A2 - Neighborhood Score: MapReduce

Write an additional implementation of A0 using Hadoop & MapReduce, then re-evaluate them by analogy to A1. Use a pseudo-distributed cluster to evaluate the MapReduce implementation.

Collect and analyze execution-time information of all implementations. Use the following big corpus (SHA512).

Prepare a report using R Markdown highlighting the differences in the execution profile of the variants. In particular, compare the difference in execution profiles of the Hadoop/MR vs other variants and comment on the reasons for performance increases or decreases.

Deliverables

Deliver the code of the implementation and the performance report via a private repository on CCS GitHub or Github and share the repository with the instructors and TAs:

if you are creating private repository on github.ccs.neu.edu, share it with aviralgoel, samarthshetty1990, and ksiek.
if you are creating private repository on github.com, share it with aviralg, kondziu, janvitek, and shettysamarth.

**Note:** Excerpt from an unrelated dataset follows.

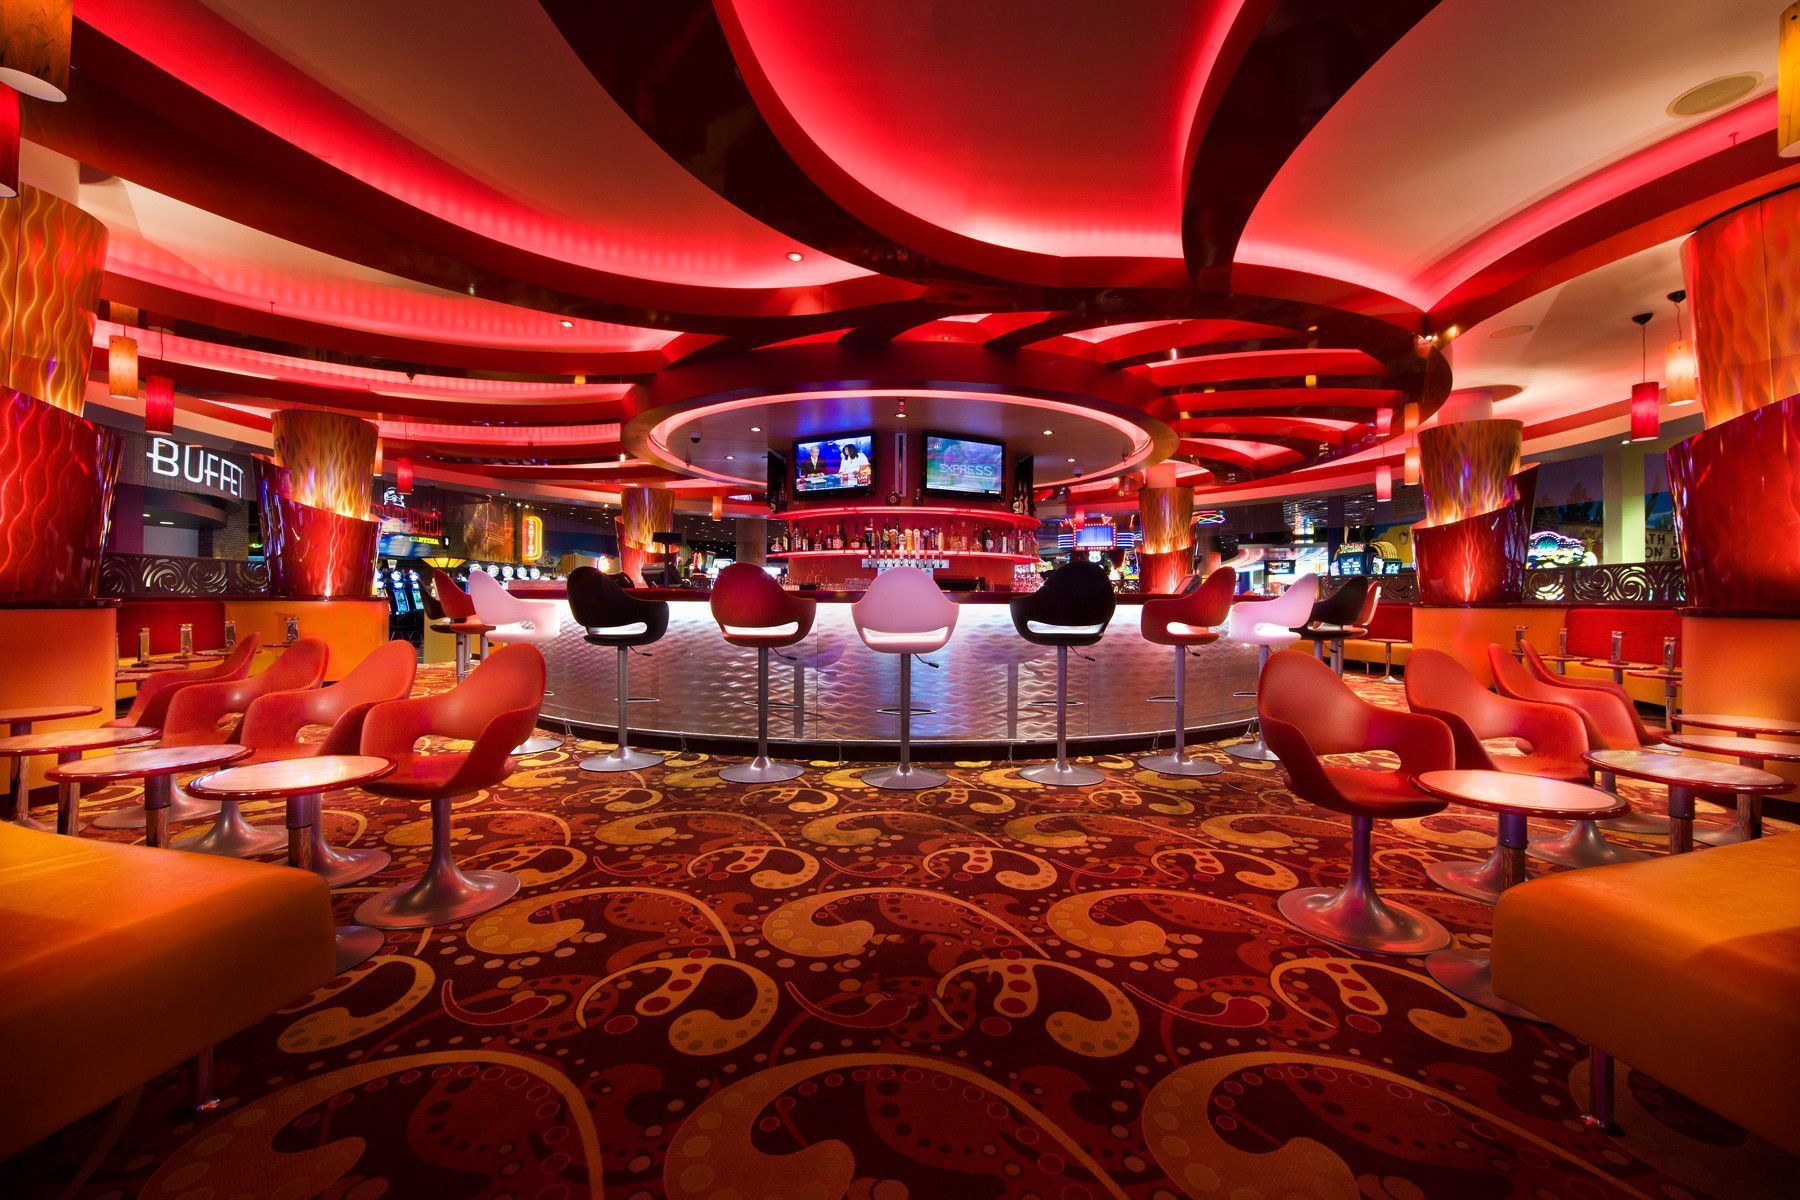 How important is it to use artistic themes in casinos?
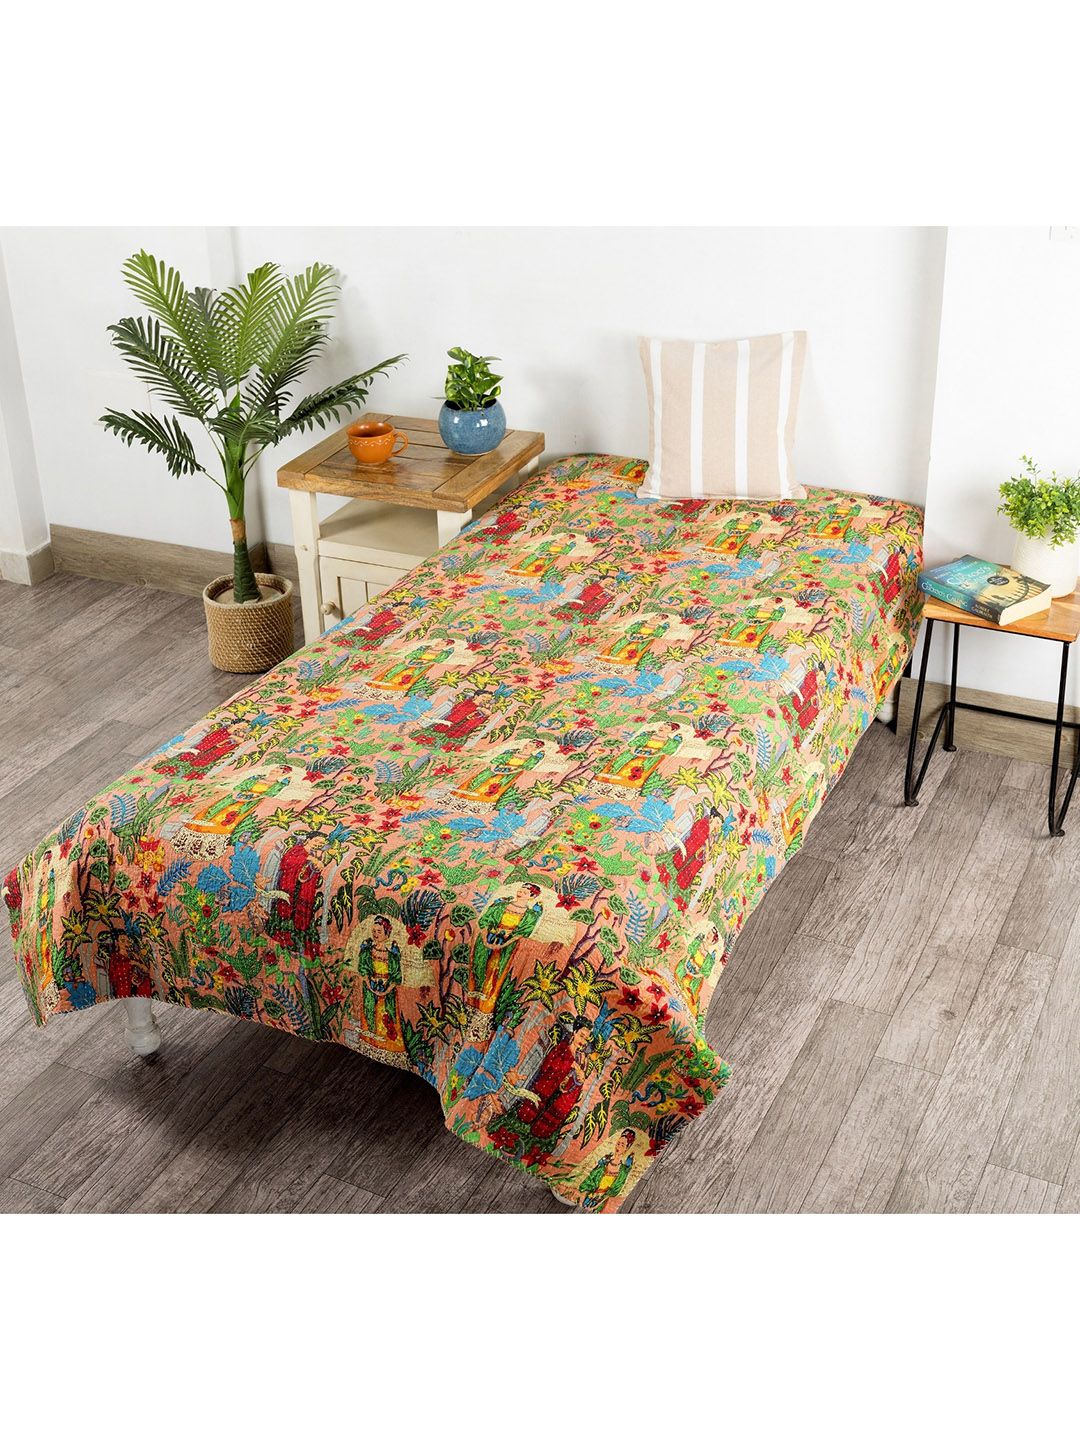 HANDICRAFT PALACE Peach & Green Frida Kahlo Printed Kantha Quilted Cotton Single Bed Cover Price in India

Repository name: pdpmr-f17-your-name-a2 (replace your-name with your name in lowercase letters with dashes between words).

Required files:

src/ (directory containing the sources of the implentation)
README.md (Markdown file containing the description of the implementations)
Makefile (Configuration file for the make command with the following rules: build — builds all the implementations, run — runs the variants and generate the report, all – build and run; be sure that build works on somebody else’s machine)
report.Rmd (The report as described in the previous section)
report.html (An HTML rendering of report.Rmd)
input/books/ (A directory containing input files used in the report for A0/A1; please gzip all text files to save space)
input/big-corpus/ (An empty directory. Keep your copy of the big corpus there, but do not push it to git. A code reviewer will put their own copy of the corpus there too.)

Submissions not adhering to the prescribed structure will be penalized.